# Physical



## JustAnotherStar (4 Jul 2006)

Hi,

I am currently 15 years old, and I'm only going to be 16 in December. Since having a hockey coach that is the navy this year, I am really interested in joining the reserve when I'm 16. My only problem is that i am out of shape. I am about 6 foot 1, 180 pounds. I can run as far as i need for the test, but not fast enough. And I can't do 19 push up, i can barely do 2-3 shinups  but i can do 19 sit ups. I know that i need to start working out NOW, but I'm alone, and when i work out alone, i just cant push myself hard enough. I had dryland for hockey and when some1 is pushing me i like it so i try as hard as i can.

Please tell me some advises.


----------



## paracowboy (4 Jul 2006)

JustAnotherStar said:
			
		

> Please tell me some advises.


sure.
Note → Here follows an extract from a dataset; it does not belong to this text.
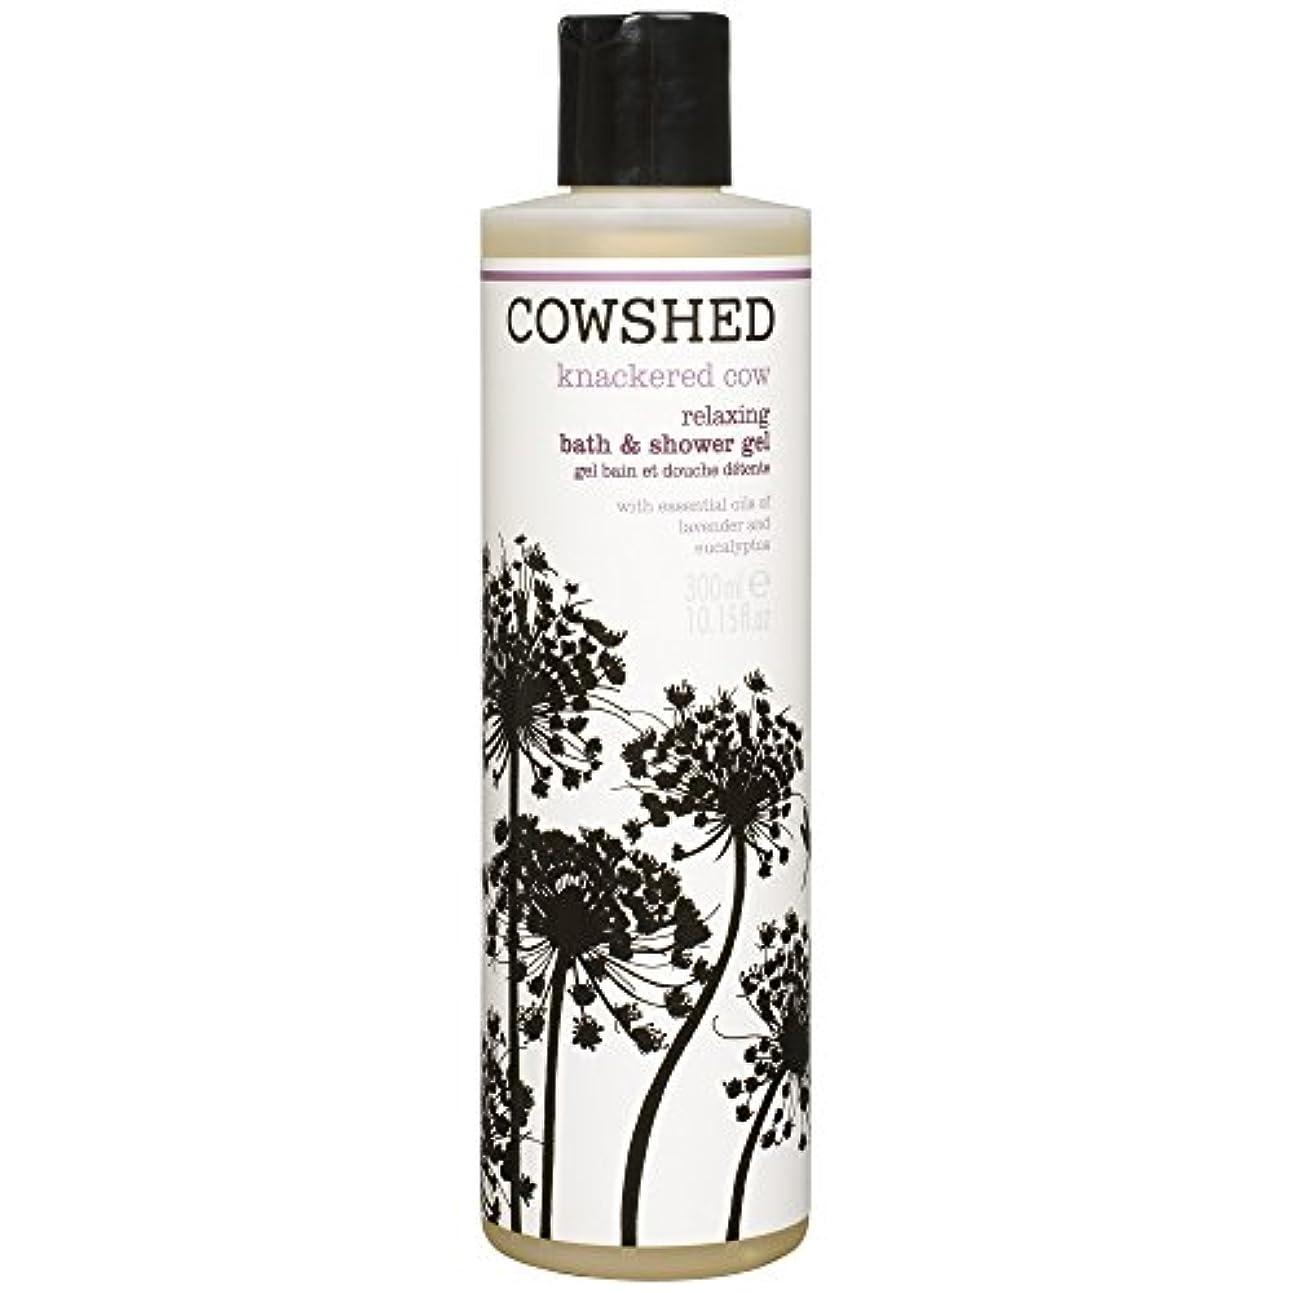 カンガルー家事をするフルーティー牛舎は、バス&シャワージェル300ミリリットルを緩和牛をくたくたに疲れました (Cowshed) - Cowshed Knackered Cow Relaxing Bath & Shower Gel 300ml [並行輸入品]

First, your fitness issues. Look here:
http://forums.army.ca/forums/index.php/board,39

Second, read this:

MSN and ICQ "short hand" -  http://forums.army.ca/forums/threads/33247.0.html

Regarding the use of "MSN speak" versus the employment of prose which is correct in grammar, spelling and punctuation, please see: http://forums.army.ca/forums/threads/34015/post-260446.html#msg260446

Army.ca Conduct Guidelines: MUST READ - http://forums.army.ca/forums/threads/24937.0.html

FRIENDLY ADVICE TO NEW MEMBERS - http://forums.army.ca/forums/threads/24937/post-259412.html#msg259412

Recruiting FAQ - http://forums.army.ca/forums/threads/21101.0.html

Infantry FAQ - http://forums.army.ca/forums/threads/21131.0.html

Canadian Forces Aptitude Test - http://army.ca/forums/threads/21101/post-103977.html#msg103977

Fitness requirements at enrolment, see page 12 of this brochure:
http://www.recruiting.forces.ca/media/pdf/physical_fitness_en.pdf

Search page - http://forums.army.ca/forums/index.php?action=search;advanced

Welcome to Army.ca, start reading.


----------



## Matty B. (4 Jul 2006)

Are you living in an urban area or a city? Is there a gym close to your house?


----------



## paracowboy (4 Jul 2006)

I'm going to lock this while our young friend makes himself familiar with the material presented to him.


----------